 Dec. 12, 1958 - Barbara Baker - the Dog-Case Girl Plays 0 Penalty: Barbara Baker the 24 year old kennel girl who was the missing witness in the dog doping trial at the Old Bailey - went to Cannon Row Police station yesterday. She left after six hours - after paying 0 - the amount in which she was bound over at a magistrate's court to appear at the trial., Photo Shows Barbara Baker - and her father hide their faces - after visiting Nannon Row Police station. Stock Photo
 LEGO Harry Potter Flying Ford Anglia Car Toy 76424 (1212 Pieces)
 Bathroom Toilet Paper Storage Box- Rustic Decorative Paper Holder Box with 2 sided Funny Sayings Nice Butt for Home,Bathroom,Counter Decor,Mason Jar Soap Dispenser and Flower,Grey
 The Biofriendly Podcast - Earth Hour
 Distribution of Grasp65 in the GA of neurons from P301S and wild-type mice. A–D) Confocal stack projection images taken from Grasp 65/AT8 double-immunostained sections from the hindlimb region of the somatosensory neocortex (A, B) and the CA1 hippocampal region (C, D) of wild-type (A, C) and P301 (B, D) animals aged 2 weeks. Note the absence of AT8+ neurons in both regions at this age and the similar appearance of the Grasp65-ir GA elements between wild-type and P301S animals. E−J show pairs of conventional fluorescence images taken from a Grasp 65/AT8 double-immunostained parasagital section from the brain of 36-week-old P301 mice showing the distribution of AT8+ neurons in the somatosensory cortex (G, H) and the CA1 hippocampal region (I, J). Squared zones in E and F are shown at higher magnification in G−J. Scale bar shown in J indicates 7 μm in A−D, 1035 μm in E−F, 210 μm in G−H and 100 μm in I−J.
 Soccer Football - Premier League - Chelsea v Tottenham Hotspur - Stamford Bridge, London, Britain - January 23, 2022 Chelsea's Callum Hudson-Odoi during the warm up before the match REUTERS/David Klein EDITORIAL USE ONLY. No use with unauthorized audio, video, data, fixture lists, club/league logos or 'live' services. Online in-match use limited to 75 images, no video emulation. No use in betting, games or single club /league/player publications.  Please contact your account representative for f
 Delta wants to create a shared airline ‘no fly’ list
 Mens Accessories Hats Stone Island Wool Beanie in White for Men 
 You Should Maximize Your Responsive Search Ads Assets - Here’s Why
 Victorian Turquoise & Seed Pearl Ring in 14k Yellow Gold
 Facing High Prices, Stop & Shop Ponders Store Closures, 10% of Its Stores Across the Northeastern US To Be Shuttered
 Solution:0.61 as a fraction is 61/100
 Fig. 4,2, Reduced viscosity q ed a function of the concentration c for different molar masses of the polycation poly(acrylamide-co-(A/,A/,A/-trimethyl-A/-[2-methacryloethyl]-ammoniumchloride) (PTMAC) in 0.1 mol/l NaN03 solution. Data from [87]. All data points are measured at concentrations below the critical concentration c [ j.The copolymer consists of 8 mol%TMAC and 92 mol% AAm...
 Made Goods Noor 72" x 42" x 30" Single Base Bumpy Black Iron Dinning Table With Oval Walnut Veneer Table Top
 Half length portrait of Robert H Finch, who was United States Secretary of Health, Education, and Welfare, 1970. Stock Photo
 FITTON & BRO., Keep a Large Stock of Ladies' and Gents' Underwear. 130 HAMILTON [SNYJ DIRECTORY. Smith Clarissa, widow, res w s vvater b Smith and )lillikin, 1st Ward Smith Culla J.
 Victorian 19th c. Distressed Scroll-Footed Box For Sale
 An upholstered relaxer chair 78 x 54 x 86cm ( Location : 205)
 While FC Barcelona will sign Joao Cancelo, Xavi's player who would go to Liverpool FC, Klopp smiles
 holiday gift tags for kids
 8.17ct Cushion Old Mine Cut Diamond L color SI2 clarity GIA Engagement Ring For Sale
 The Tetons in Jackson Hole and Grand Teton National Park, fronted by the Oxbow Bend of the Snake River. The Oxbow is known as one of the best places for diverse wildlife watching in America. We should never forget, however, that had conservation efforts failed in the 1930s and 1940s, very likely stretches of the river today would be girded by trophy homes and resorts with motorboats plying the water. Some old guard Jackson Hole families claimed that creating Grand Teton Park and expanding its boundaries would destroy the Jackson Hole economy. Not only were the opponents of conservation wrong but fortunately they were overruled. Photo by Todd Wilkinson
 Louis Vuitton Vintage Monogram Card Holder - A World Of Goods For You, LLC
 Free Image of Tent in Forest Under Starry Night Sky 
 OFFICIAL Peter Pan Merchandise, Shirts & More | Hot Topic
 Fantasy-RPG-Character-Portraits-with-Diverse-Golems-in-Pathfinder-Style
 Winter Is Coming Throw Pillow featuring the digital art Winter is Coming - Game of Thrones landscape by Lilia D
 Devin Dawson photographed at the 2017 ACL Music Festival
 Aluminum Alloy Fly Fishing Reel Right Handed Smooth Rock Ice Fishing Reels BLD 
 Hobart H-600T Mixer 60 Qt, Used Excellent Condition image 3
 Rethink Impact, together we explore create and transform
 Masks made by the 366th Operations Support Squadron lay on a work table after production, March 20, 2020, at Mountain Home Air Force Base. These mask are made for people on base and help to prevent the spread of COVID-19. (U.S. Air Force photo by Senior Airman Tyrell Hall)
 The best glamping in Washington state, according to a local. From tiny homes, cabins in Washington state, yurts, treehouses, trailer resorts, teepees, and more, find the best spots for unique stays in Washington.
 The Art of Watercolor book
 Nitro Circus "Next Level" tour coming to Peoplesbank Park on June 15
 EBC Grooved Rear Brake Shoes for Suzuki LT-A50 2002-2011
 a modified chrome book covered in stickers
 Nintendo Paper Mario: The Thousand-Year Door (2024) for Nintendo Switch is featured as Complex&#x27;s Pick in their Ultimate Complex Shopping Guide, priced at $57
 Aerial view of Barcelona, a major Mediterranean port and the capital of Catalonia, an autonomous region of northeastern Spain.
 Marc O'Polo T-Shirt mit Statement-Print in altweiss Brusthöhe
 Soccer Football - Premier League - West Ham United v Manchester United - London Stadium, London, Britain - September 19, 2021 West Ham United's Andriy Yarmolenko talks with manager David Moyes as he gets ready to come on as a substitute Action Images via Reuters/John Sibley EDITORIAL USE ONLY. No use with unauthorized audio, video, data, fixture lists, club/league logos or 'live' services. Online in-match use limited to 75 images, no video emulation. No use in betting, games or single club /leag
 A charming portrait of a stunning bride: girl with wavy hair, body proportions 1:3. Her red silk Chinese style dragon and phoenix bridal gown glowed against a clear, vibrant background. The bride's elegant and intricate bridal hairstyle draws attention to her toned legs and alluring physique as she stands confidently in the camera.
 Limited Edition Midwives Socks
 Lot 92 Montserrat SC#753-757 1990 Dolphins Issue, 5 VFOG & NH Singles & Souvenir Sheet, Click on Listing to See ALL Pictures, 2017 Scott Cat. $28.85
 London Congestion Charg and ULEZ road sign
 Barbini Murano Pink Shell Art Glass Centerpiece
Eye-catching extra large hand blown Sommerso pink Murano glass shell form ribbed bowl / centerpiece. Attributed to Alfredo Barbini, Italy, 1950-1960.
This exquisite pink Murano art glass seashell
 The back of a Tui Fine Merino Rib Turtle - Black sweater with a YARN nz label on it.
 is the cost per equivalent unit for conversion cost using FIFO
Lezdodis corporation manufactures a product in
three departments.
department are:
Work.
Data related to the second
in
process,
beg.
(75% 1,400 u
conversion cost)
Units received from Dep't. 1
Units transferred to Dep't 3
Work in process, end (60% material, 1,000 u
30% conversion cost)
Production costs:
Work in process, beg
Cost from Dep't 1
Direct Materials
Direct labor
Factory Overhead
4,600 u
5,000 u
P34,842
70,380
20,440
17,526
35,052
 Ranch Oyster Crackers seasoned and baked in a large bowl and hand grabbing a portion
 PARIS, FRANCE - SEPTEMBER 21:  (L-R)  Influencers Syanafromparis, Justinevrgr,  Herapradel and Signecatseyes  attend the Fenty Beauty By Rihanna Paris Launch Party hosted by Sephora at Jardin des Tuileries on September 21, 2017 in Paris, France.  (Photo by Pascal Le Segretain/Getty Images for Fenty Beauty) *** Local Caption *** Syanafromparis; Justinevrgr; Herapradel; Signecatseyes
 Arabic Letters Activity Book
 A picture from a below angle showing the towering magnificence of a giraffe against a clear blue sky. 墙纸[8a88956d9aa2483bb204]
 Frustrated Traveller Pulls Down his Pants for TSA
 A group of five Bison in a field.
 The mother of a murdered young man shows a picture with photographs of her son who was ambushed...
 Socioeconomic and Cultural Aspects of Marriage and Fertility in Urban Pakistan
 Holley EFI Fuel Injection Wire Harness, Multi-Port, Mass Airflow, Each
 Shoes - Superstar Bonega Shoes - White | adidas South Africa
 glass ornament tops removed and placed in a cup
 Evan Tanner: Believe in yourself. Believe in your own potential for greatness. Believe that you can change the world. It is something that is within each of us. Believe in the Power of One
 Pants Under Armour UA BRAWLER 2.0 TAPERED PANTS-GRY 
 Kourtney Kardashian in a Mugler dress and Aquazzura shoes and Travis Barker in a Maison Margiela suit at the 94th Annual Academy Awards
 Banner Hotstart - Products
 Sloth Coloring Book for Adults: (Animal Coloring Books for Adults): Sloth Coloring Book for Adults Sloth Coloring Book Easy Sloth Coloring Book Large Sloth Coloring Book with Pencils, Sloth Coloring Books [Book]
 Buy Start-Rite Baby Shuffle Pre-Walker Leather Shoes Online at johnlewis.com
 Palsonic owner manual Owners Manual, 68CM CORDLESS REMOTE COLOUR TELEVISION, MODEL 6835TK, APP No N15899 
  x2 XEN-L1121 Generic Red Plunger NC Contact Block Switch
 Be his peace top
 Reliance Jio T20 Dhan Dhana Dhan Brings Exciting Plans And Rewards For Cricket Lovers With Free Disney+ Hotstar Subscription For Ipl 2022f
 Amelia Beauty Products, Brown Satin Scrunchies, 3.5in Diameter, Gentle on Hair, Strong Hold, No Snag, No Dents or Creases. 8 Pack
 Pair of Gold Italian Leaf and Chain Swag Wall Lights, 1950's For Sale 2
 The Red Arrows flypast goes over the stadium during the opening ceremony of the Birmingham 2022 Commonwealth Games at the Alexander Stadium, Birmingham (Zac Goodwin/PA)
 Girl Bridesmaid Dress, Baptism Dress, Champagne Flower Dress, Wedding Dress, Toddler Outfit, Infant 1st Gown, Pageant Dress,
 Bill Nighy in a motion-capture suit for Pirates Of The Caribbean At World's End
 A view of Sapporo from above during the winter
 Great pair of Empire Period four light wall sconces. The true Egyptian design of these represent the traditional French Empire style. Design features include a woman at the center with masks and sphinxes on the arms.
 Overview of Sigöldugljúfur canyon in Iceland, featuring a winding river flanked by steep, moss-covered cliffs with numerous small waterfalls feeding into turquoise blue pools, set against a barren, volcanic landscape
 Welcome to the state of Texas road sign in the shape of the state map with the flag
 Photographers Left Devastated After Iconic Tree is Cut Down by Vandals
____
Restate word for word the lines from the one holding "x2 XEN-L1121 Generic" to the end of the listing, both ends included, and nothing more.

_EXERCISE OUTPUT_
  x2 XEN-L1121 Generic Red Plunger NC Contact Block Switch
 Be his peace top
 Reliance Jio T20 Dhan Dhana Dhan Brings Exciting Plans And Rewards For Cricket Lovers With Free Disney+ Hotstar Subscription For Ipl 2022f
 Amelia Beauty Products, Brown Satin Scrunchies, 3.5in Diameter, Gentle on Hair, Strong Hold, No Snag, No Dents or Creases. 8 Pack
 Pair of Gold Italian Leaf and Chain Swag Wall Lights, 1950's For Sale 2
 The Red Arrows flypast goes over the stadium during the opening ceremony of the Birmingham 2022 Commonwealth Games at the Alexander Stadium, Birmingham (Zac Goodwin/PA)
 Girl Bridesmaid Dress, Baptism Dress, Champagne Flower Dress, Wedding Dress, Toddler Outfit, Infant 1st Gown, Pageant Dress,
 Bill Nighy in a motion-capture suit for Pirates Of The Caribbean At World's End
 A view of Sapporo from above during the winter
 Great pair of Empire Period four light wall sconces. The true Egyptian design of these represent the traditional French Empire style. Design features include a woman at the center with masks and sphinxes on the arms.
 Overview of Sigöldugljúfur canyon in Iceland, featuring a winding river flanked by steep, moss-covered cliffs with numerous small waterfalls feeding into turquoise blue pools, set against a barren, volcanic landscape
 Welcome to the state of Texas road sign in the shape of the state map with the flag
 Photographers Left Devastated After Iconic Tree is Cut Down by Vandals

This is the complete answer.